AIBAT: AI Behavior Analysis Tool for Teacher-Driven Contextual Evaluation of Language Models in Education

Artificial Intelligence in Education (2025, Conference Paper)*

Authors: Shamya Karumbaiah, Yaxuan Yin, Aayush Bharadwaj

*Won Best Paper Award at the International Conference on Artificial Intelligence in Education

Abstract: With the increasing reliance of AIED on opaque, black-box scaffolds such as large language models to support student learning, there is a growing concern about their limitations when used in diverse pedagogical contexts. This opacity often undermines educators’ trust and shapes their perceptions, contributing to resistance toward the adoption of AI scaffolds in schools. To address these challenges, we developed AIBAT, a workflow and system designed to support educators in auditing and critically evaluating the potential benefits and harms of AI systems within their specific pedagogical contexts (e.g., subject matter, grade level, English proficiency).
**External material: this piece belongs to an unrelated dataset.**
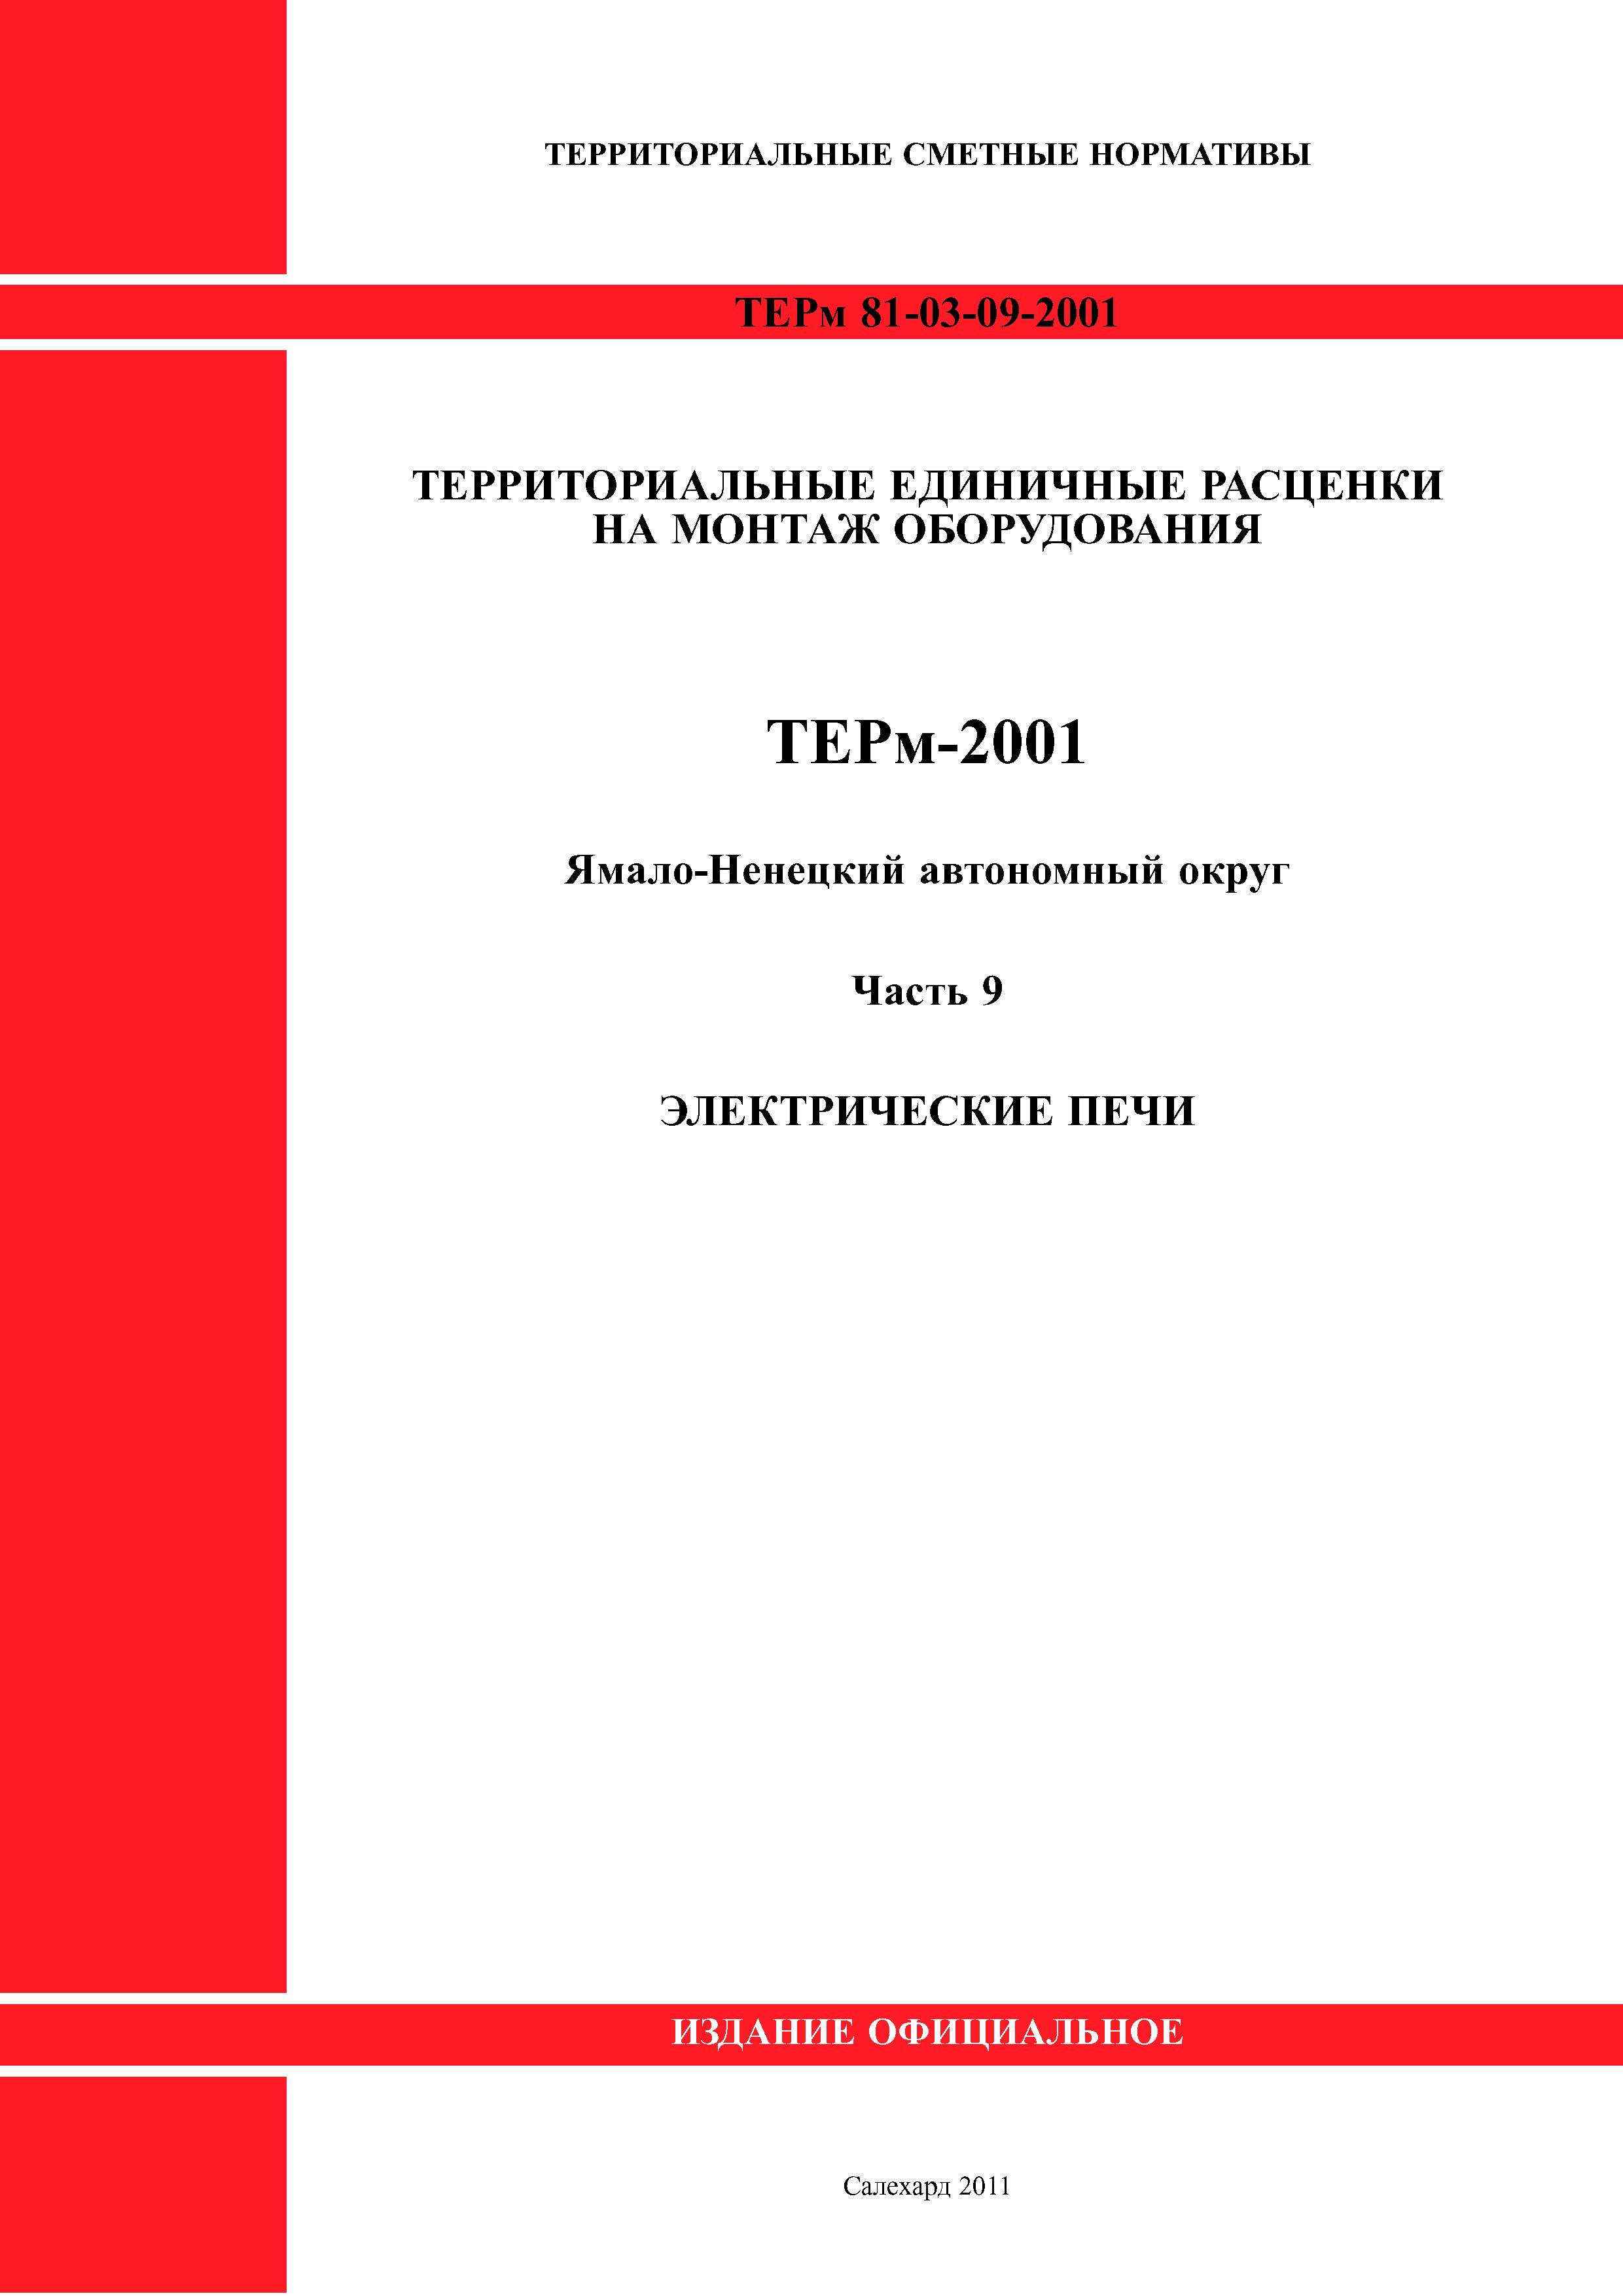 ТЕРм Ямало-Ненецкий автономный округ 09-2001

With AIBAT, teachers can specify expected behaviors—i.e., what they anticipate the AI scaffold should do—and test the system against those expectations. We conducted an exploratory user study with 14 teachers to examine how AIBAT facilitates the identification and sensemaking of AI-related risks, while enabling educators to use evidence to calibrate their trust in AI scaffolds. Our findings reveal that teachers valued the ability to engage with AI decisions rather than passively accepting them, describing the process as a “conversation” that enhanced transparency, trust, and a sense of control. We identify key opportunities to foster meaningful user engagement in AI auditing processes and discuss broader implications for promoting responsible and effective teacher participation in the evaluation and deployment of AI systems in educational settings.